20

I have a button which calls a modal box to fade into the screen saying a value posted from the button then fade off, this works fine using jquery, but I also want on the same click for value sent from the button to be posted to a php function, that to run and the modal box to still fade in and out.

I only have this to let my site know what js to use:

 <script src="//ajax.googleapis.com/ajax/libs/jquery/1.10.2/jquery.min.js" ></script>

I'm still new so sorry for a rookie question, but will that allow ajax to run, or is it only for jquery?

The current script I'm trying is: (Edited to be correctly formed, based on replies, but now nothing happens at all)

<script>
$('button').click(function() 
{

    var book_id = $(this).parent().data('id'),
    result = "Book #" + book_id + " has been reserved.";

    $.ajax
    ({ 
        url: 'reservebook.php',
        data: "book_id="+book_id,
        type: 'post',
        success: function()
        {
            $('.modal-box').text(result).fadeIn(700, function() 
            {
                setTimeout(function() 
                {
                    $('.modal-box').fadeOut();
                }, 2000);
            });
        }
    });
});
</script>

Though with this the modal box doesn't even happen.

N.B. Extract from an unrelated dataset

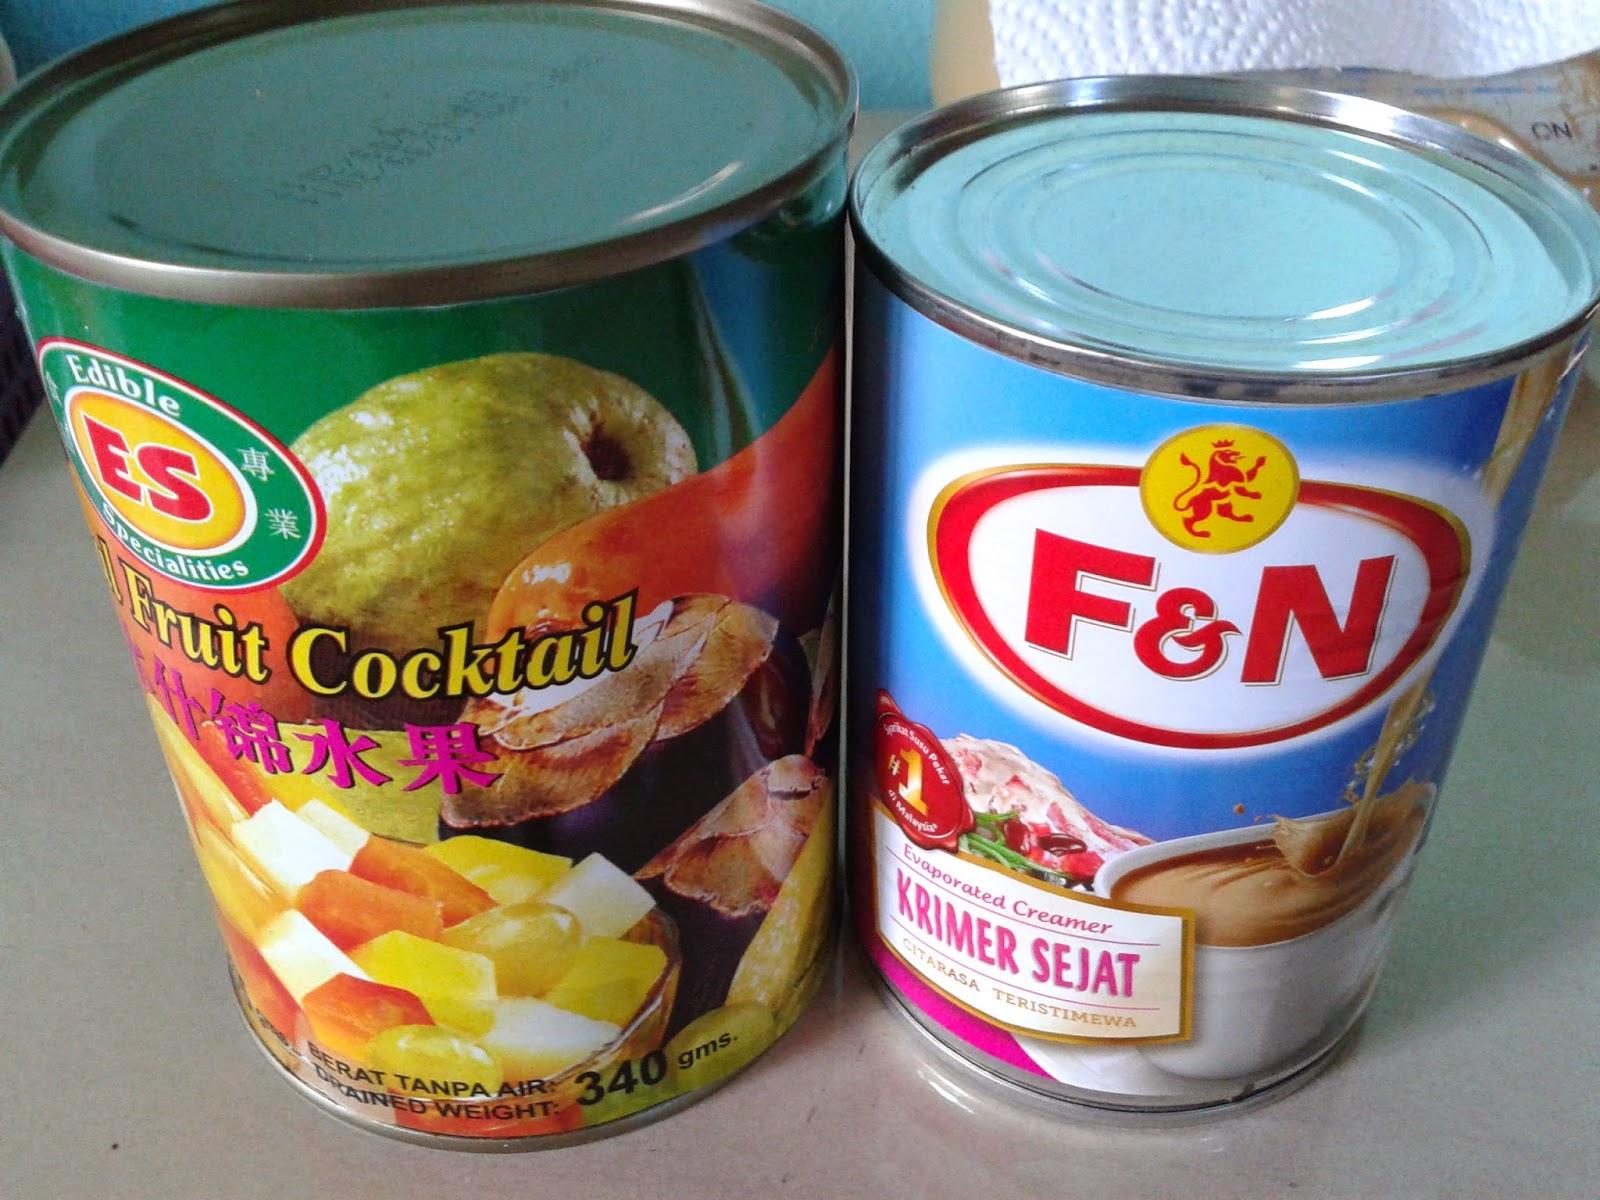 Image result for koktail buah, koktail buah, koktail buah mudah, juadah berbuka puasa, menu iftar, laici tin, buah-buahan tin,  kelapa laut tin, nata de coco
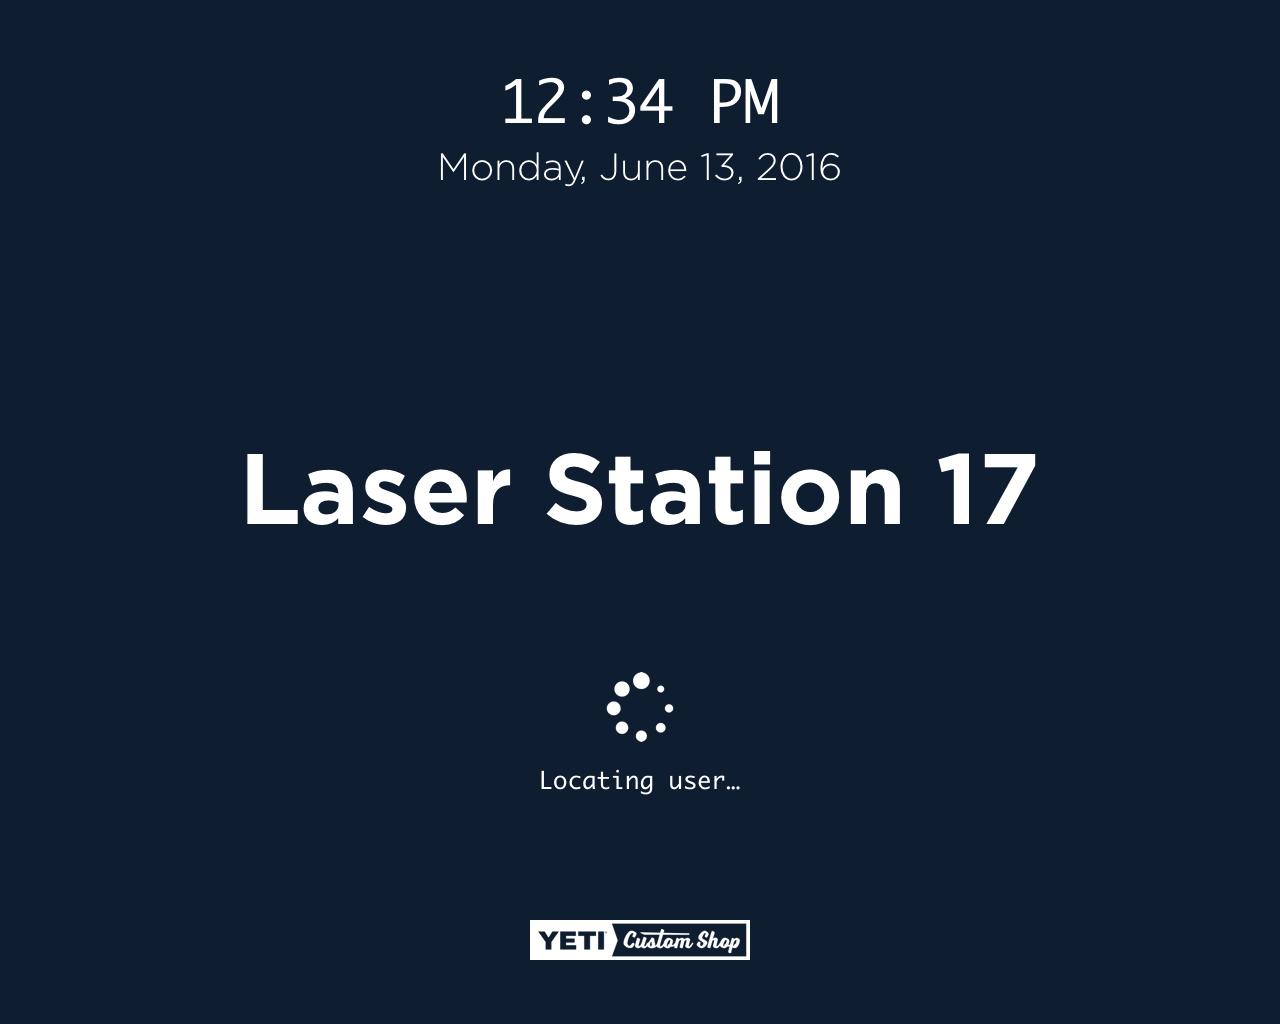 laser-station-locating-user.jpg

The php is, resersebook.php:

<?php

session_start();

$conn = mysql_connect('localhost', 'root', '');
        mysql_select_db('library', $conn);

    if(isset($_POST['jqbookID']))
    {
        $bookID = $_POST['jqbookID'];

        mysql_query("INSERT INTO borrowing (UserID, BookID, Returned) VALUES ('".$_SESSION['userID']."', '".$bookID."', '3')", $conn);
    }

?>

and to be thorough, the button is:

<div class= "obutton feature2" data-id="<?php echo $bookID;?>"><button>Reserve Book</button></div>

I'm new to this and I've looked at dozens of other similar questions on here, which is how I got my current script, but it just doesn't work.

Not sure if it matters, but the script with just the modal box that works has to be at the bottom of the html body to work, not sure if for some reason ajax needs to be at the top, but then the modal box wouldn't work, just a thought.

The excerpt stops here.